Task to carry out: The lines from the one holding "CCCC offers College Connections experience" to the final line of the listing below are to be duplicated exactly, with both ends included and pictures omitted.

Recorded data:
┄┄┄┄┄┄

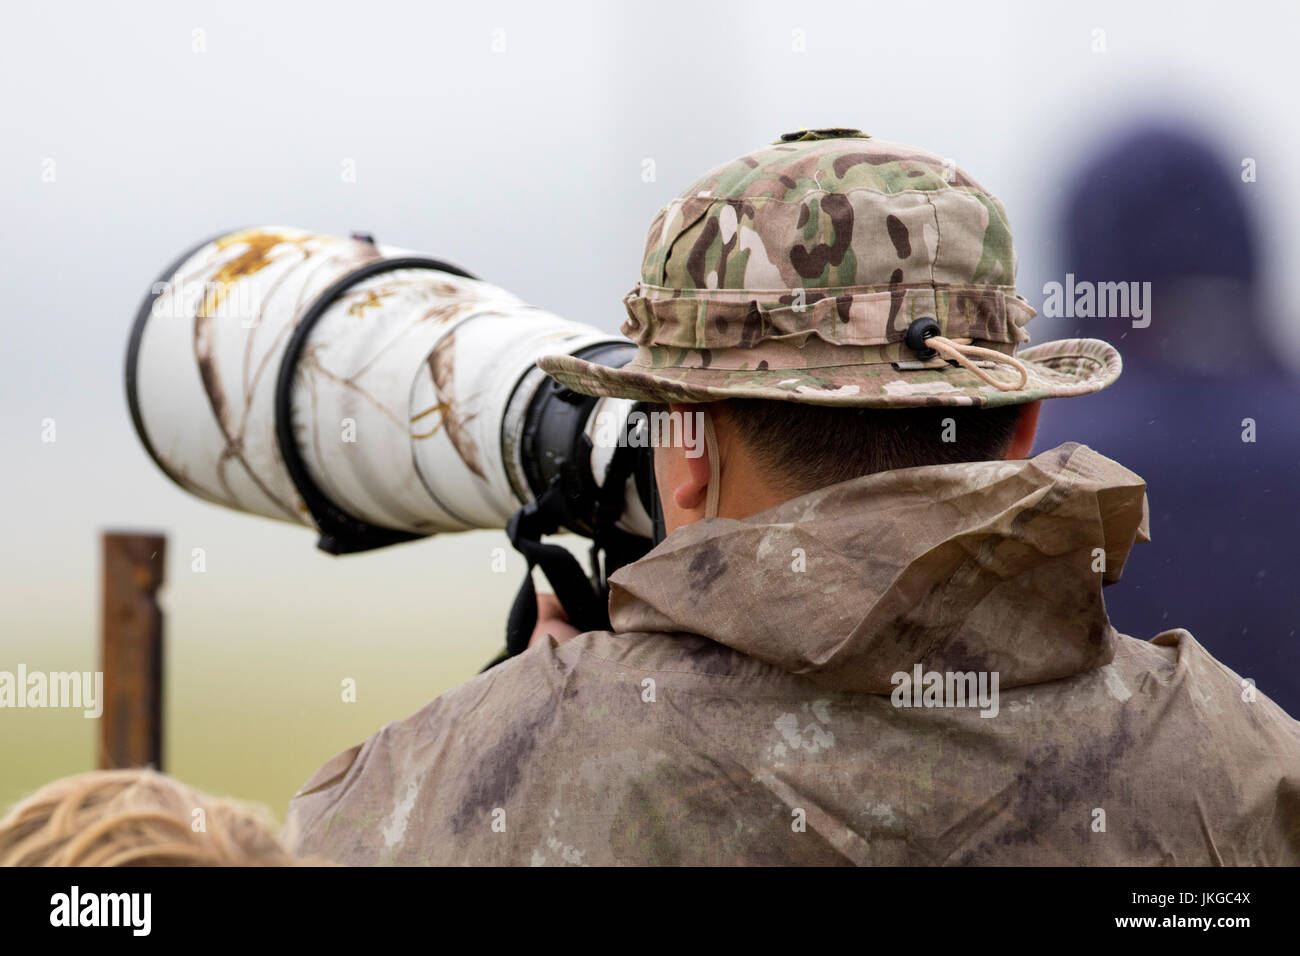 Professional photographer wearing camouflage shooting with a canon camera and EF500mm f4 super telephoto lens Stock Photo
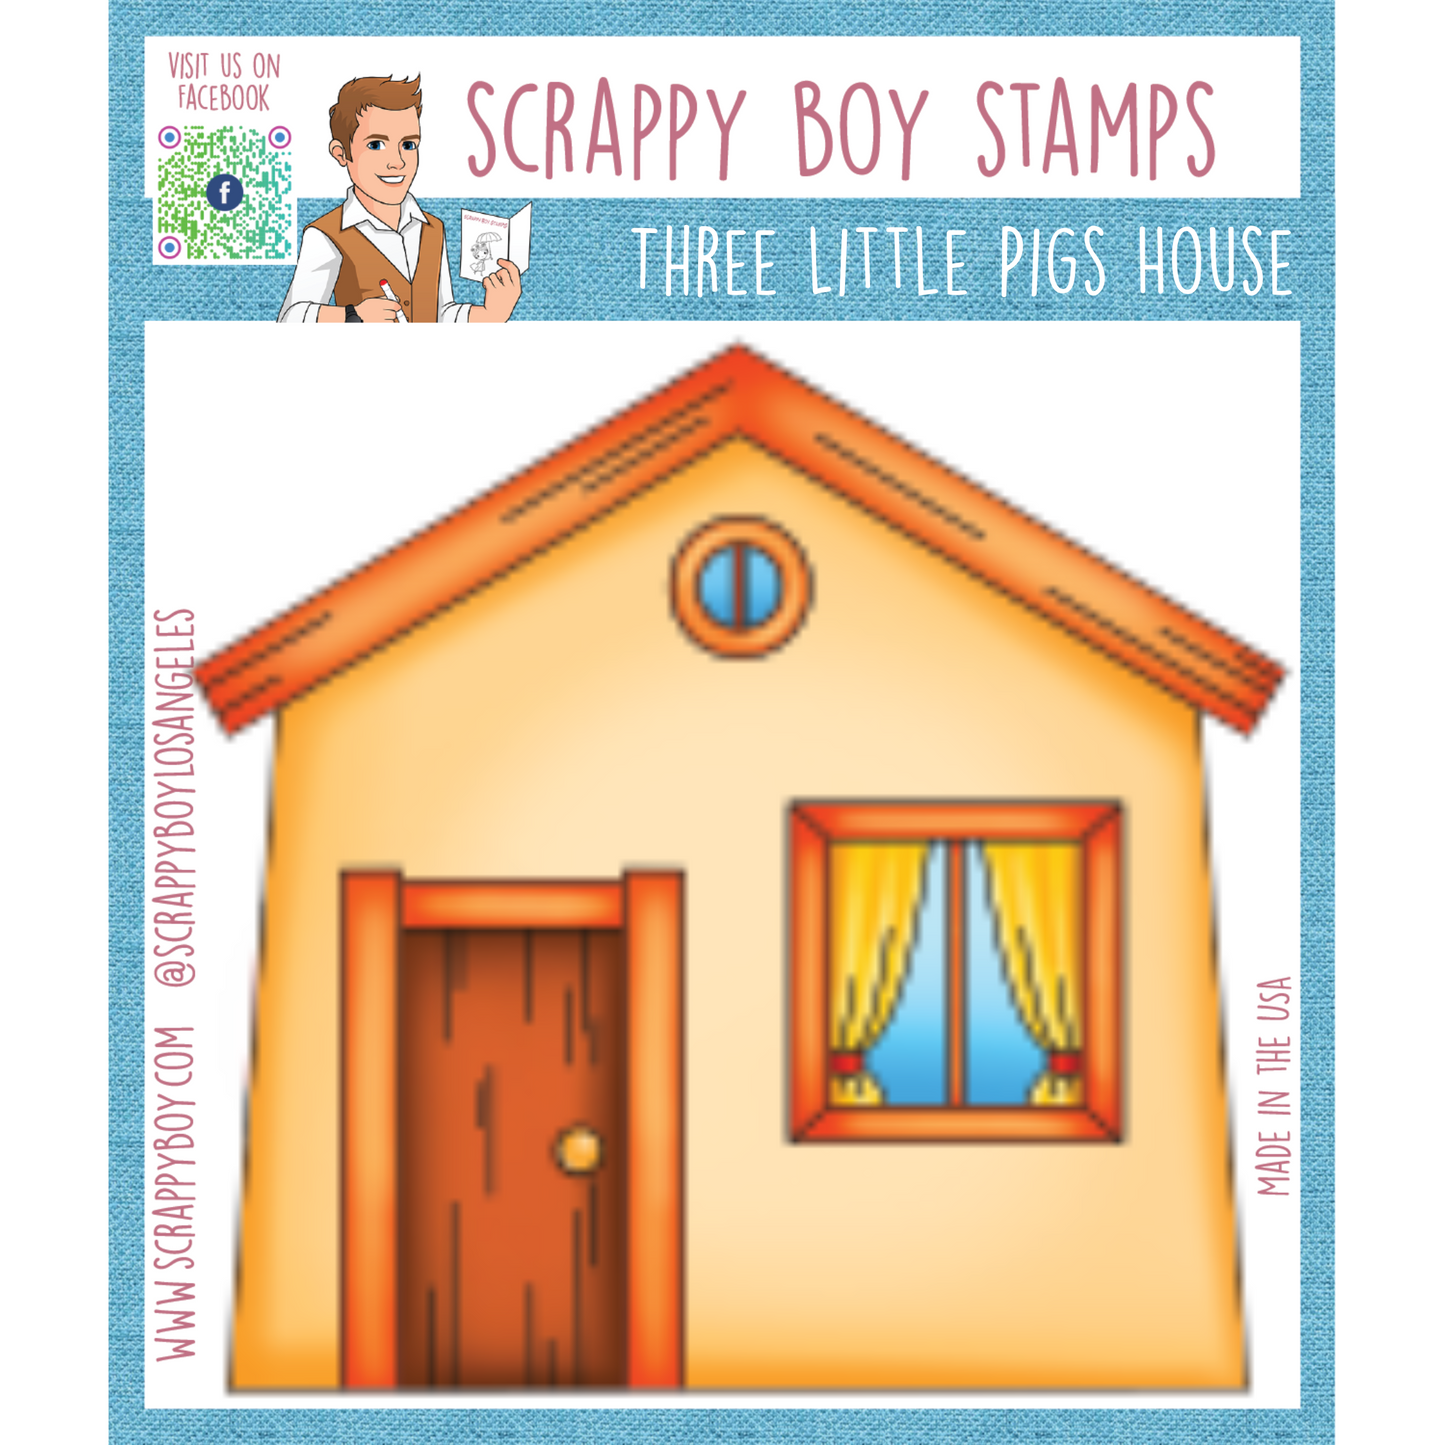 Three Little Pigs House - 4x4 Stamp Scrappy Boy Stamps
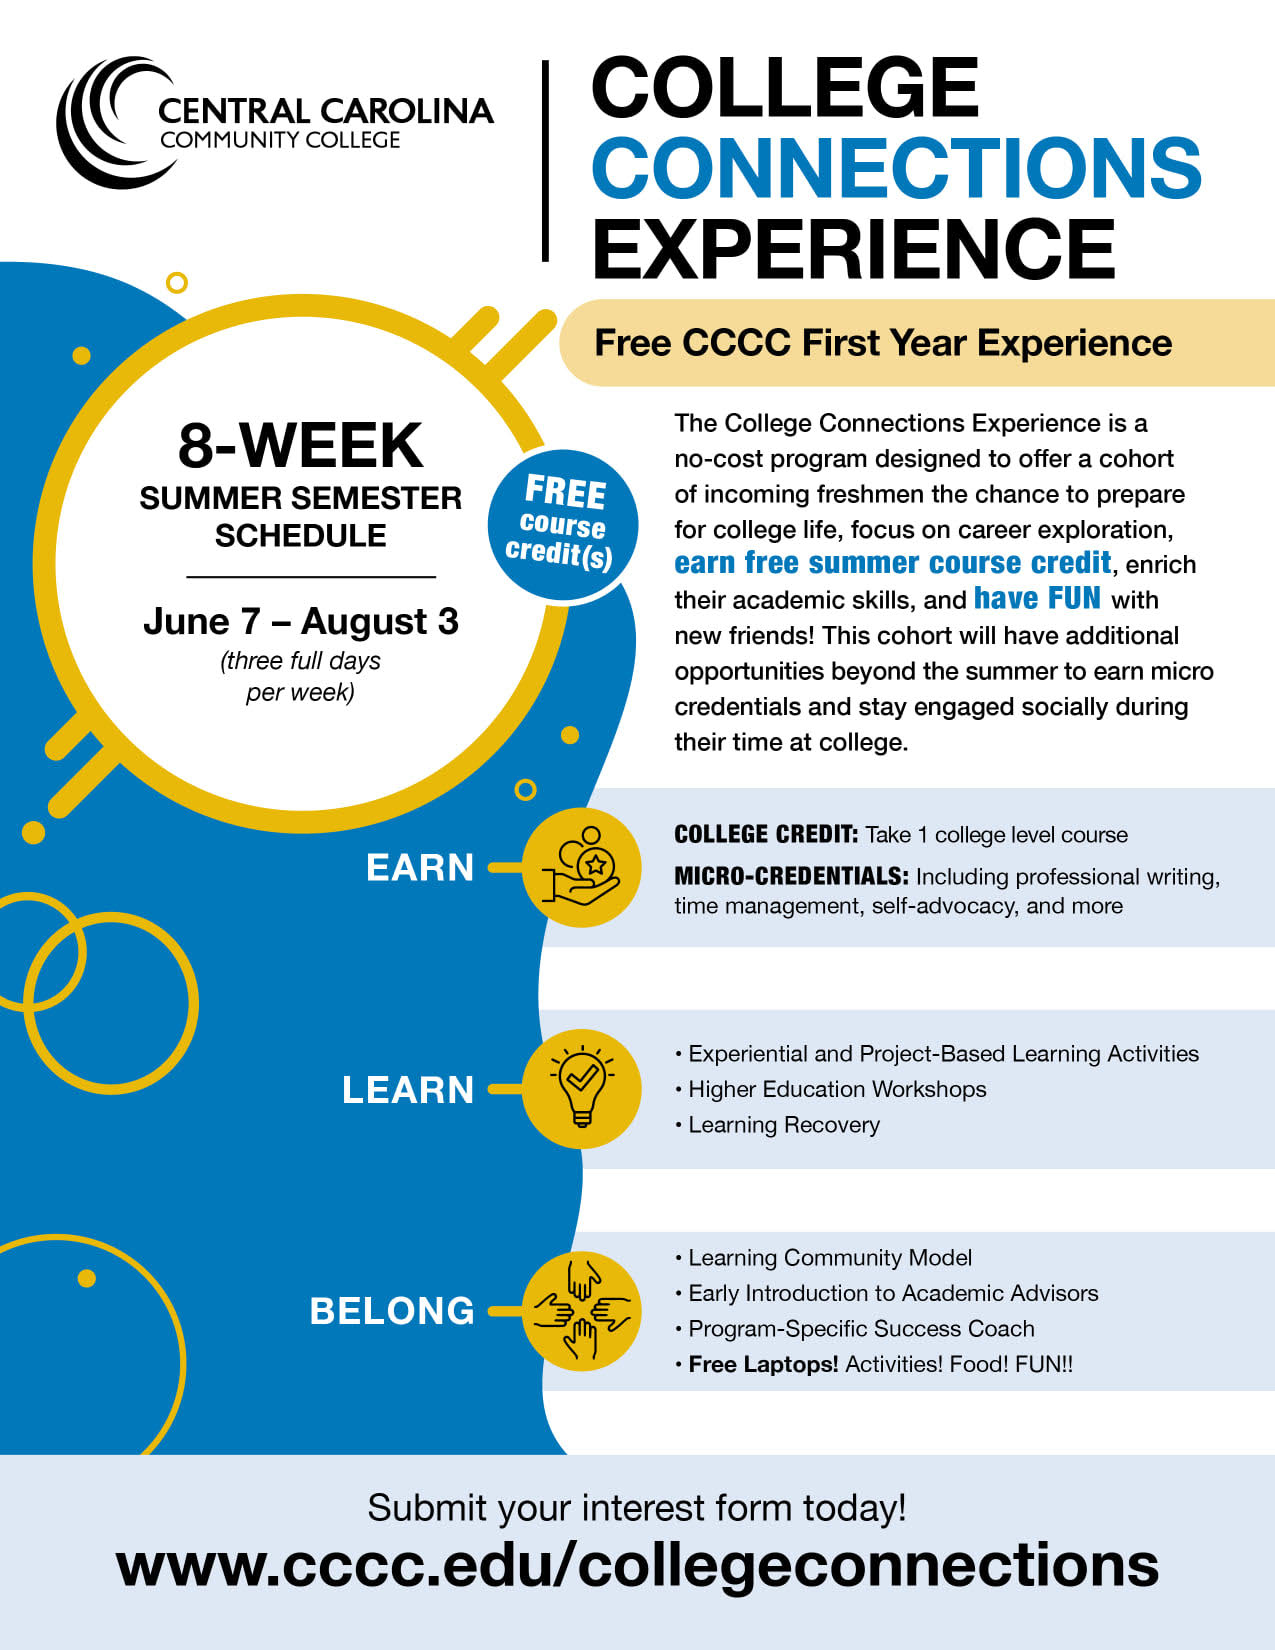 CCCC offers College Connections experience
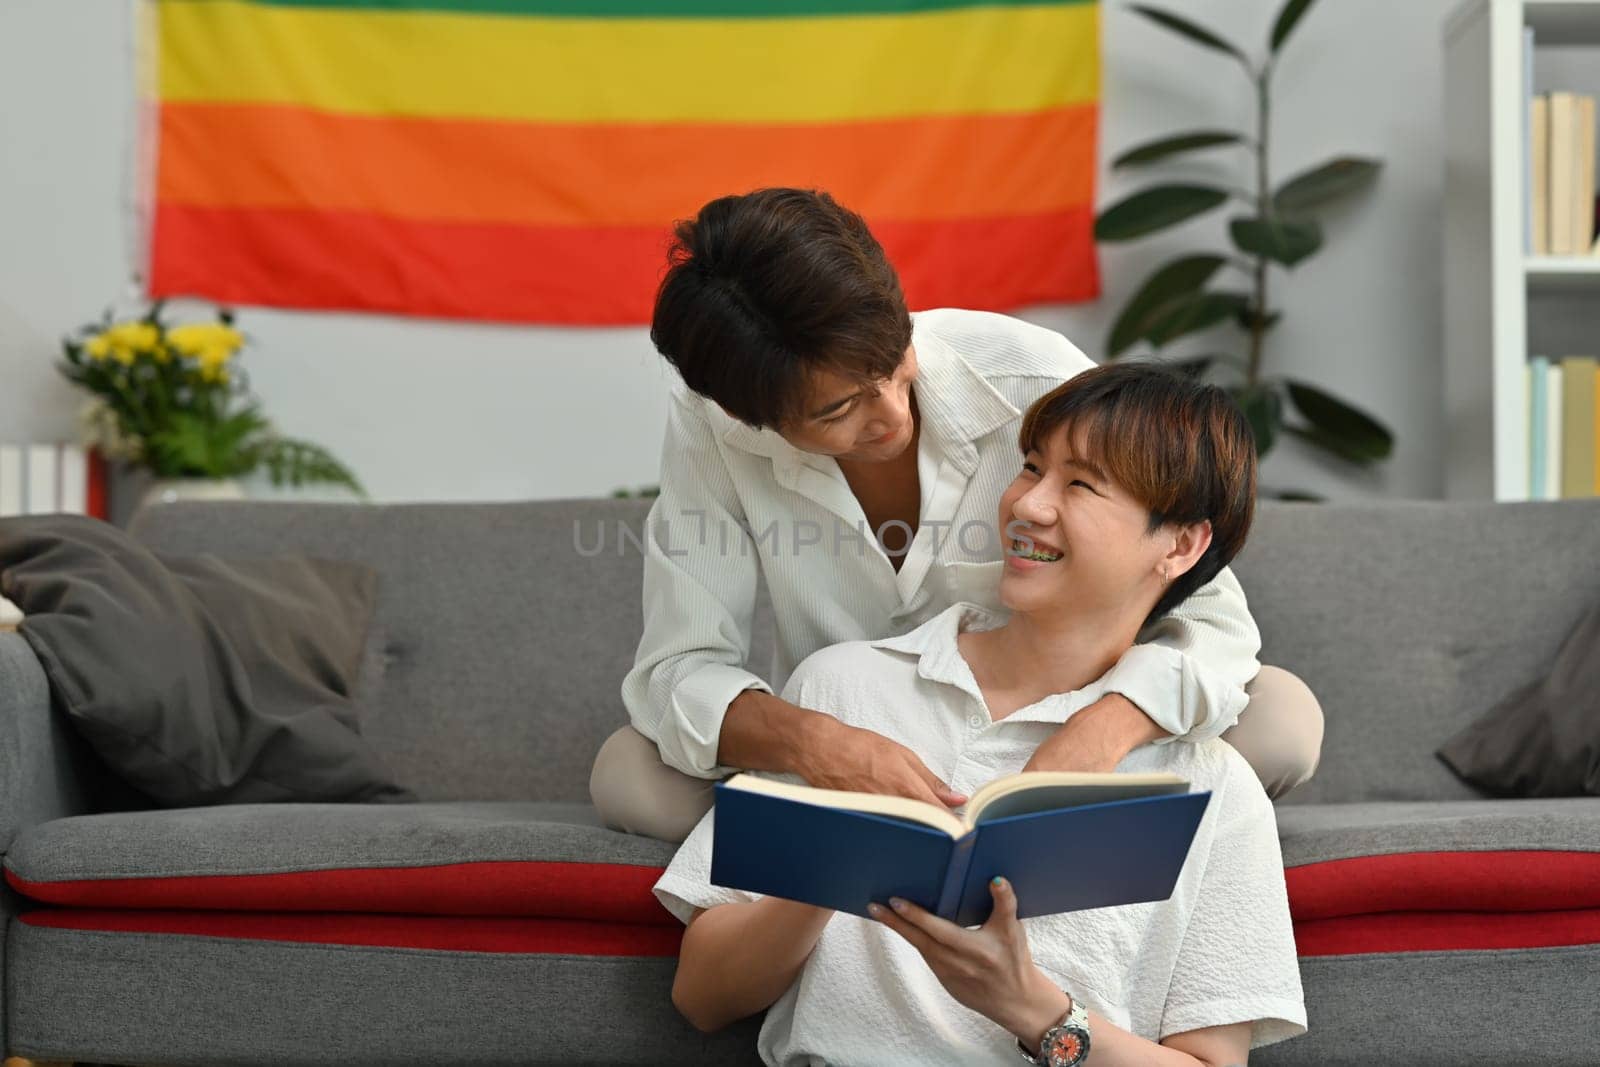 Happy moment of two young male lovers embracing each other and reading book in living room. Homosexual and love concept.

┄┄┄┄┄┄

Written response:
 CCCC offers College Connections experience
 Happy moment of two young male lovers embracing each other and reading book in living room. Homosexual and love concept.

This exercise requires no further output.